[The problem] Among the entries below, which lines run from the line with "2016 Law Enforcement Memorial Day" through the line with "Tana French novels"? Retype those, both ends included, exactly and without pictures.

[Exercise material]

= Beginning of Section =

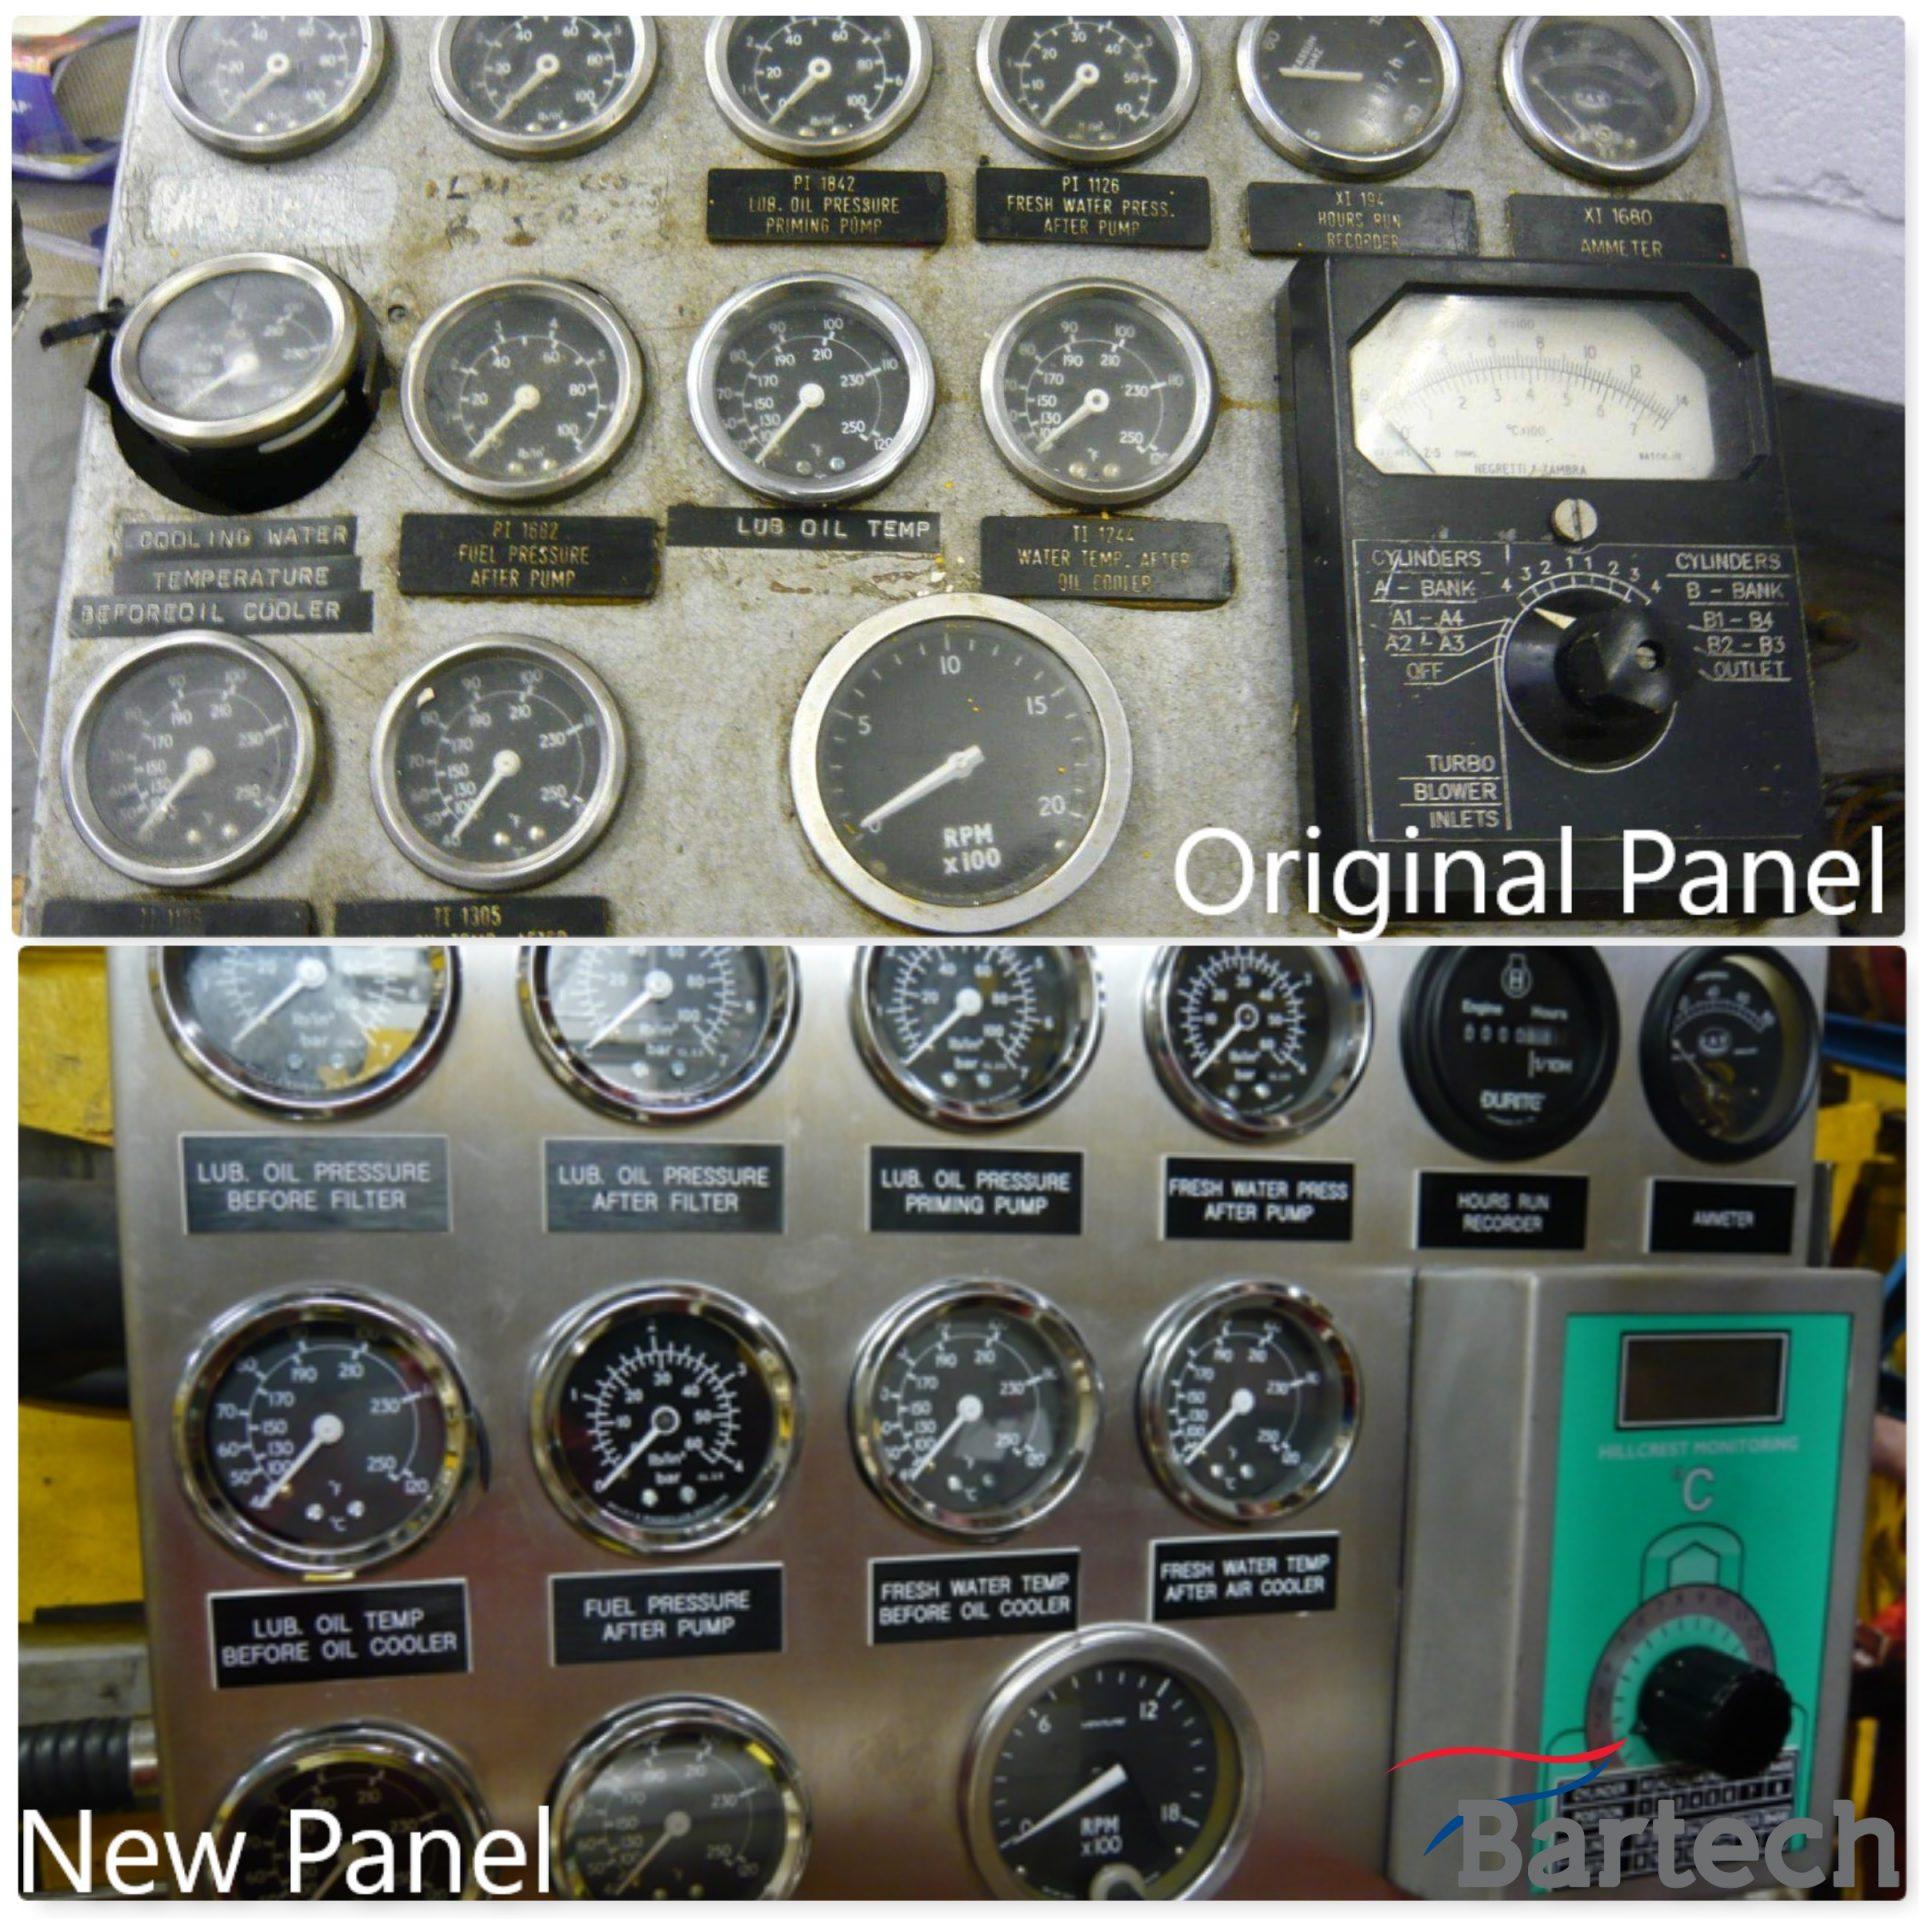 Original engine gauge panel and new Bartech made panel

= End of Section =
= Beginning of Section =

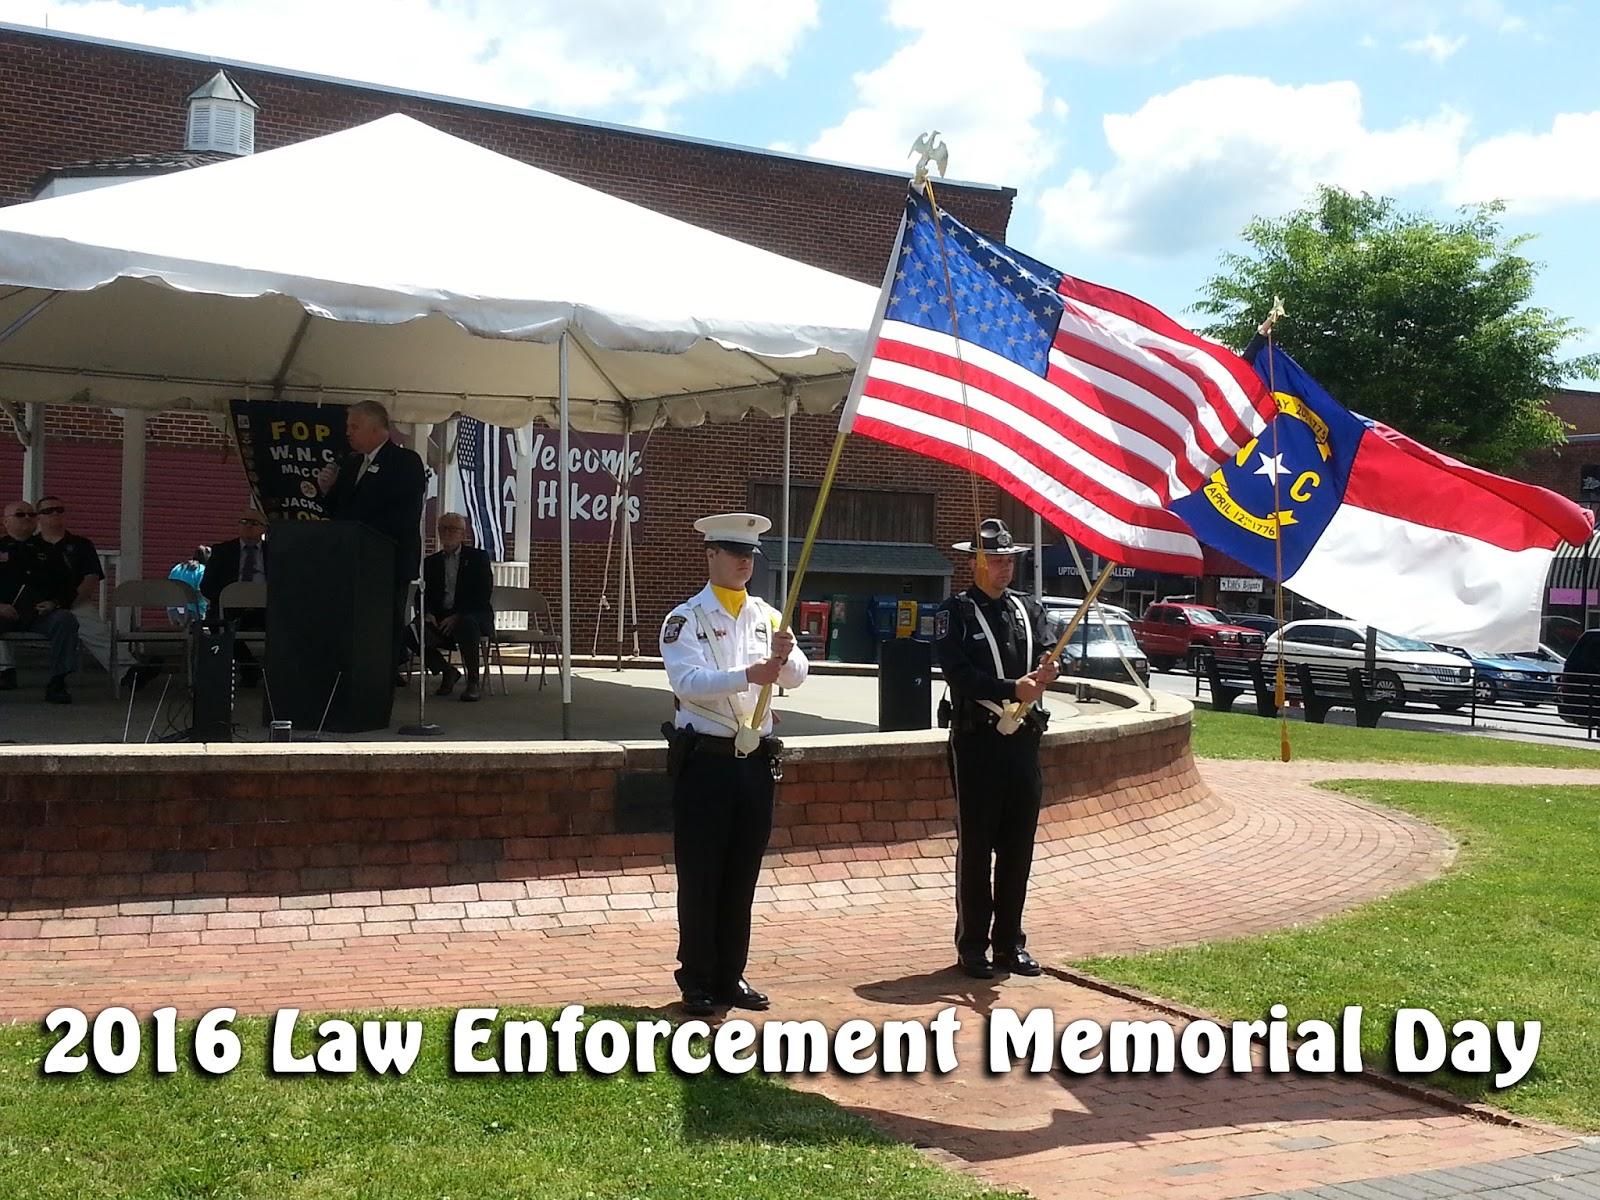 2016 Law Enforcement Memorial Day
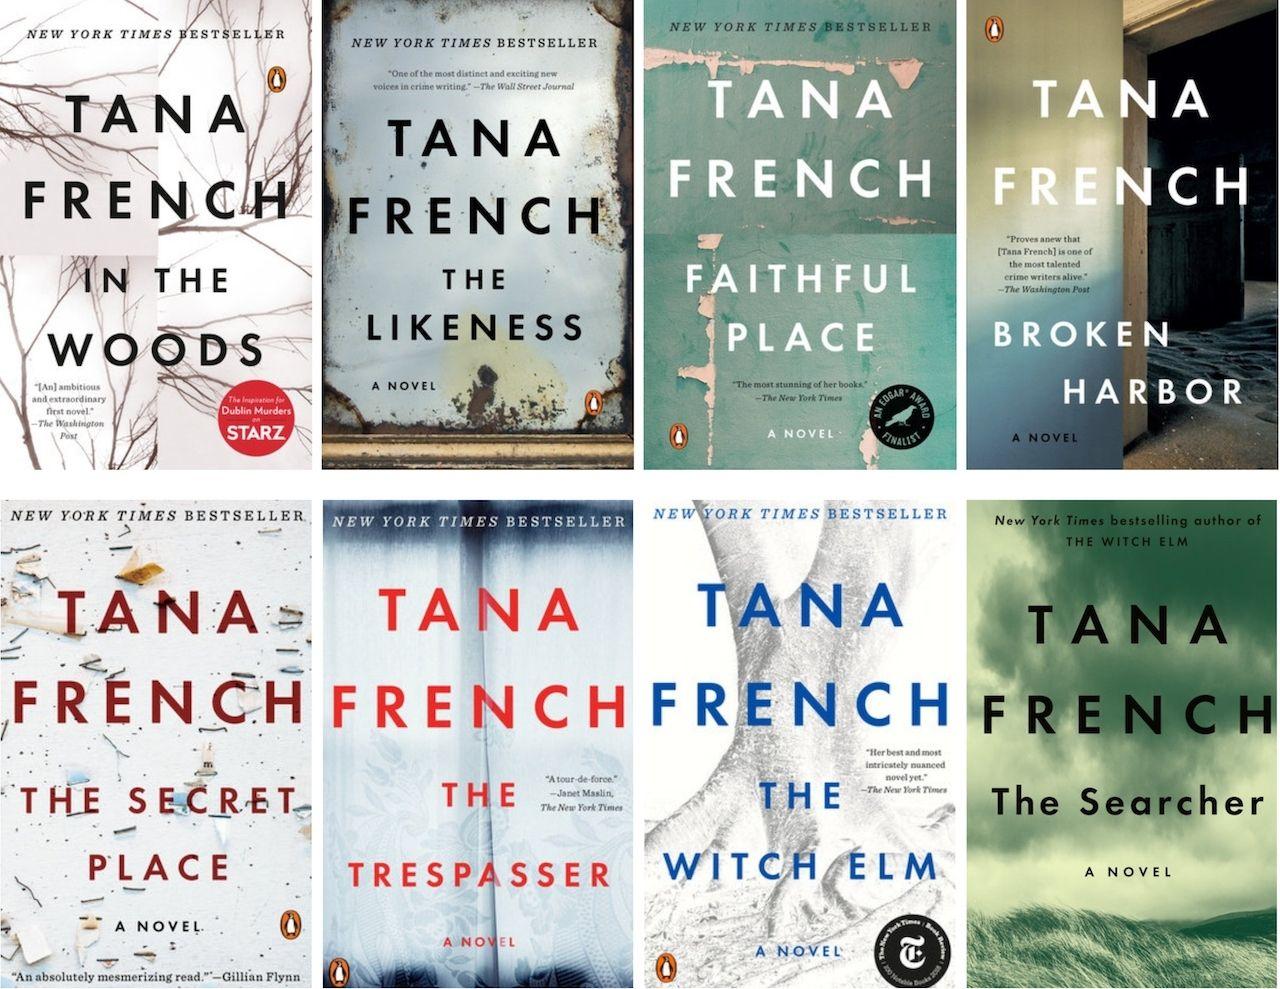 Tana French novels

= End of Section =
= Beginning of Section =

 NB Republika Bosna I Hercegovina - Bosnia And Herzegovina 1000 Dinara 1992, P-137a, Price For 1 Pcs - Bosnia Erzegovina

= End of Section =

[Exercise answer]
 2016 Law Enforcement Memorial Day
 Tana French novels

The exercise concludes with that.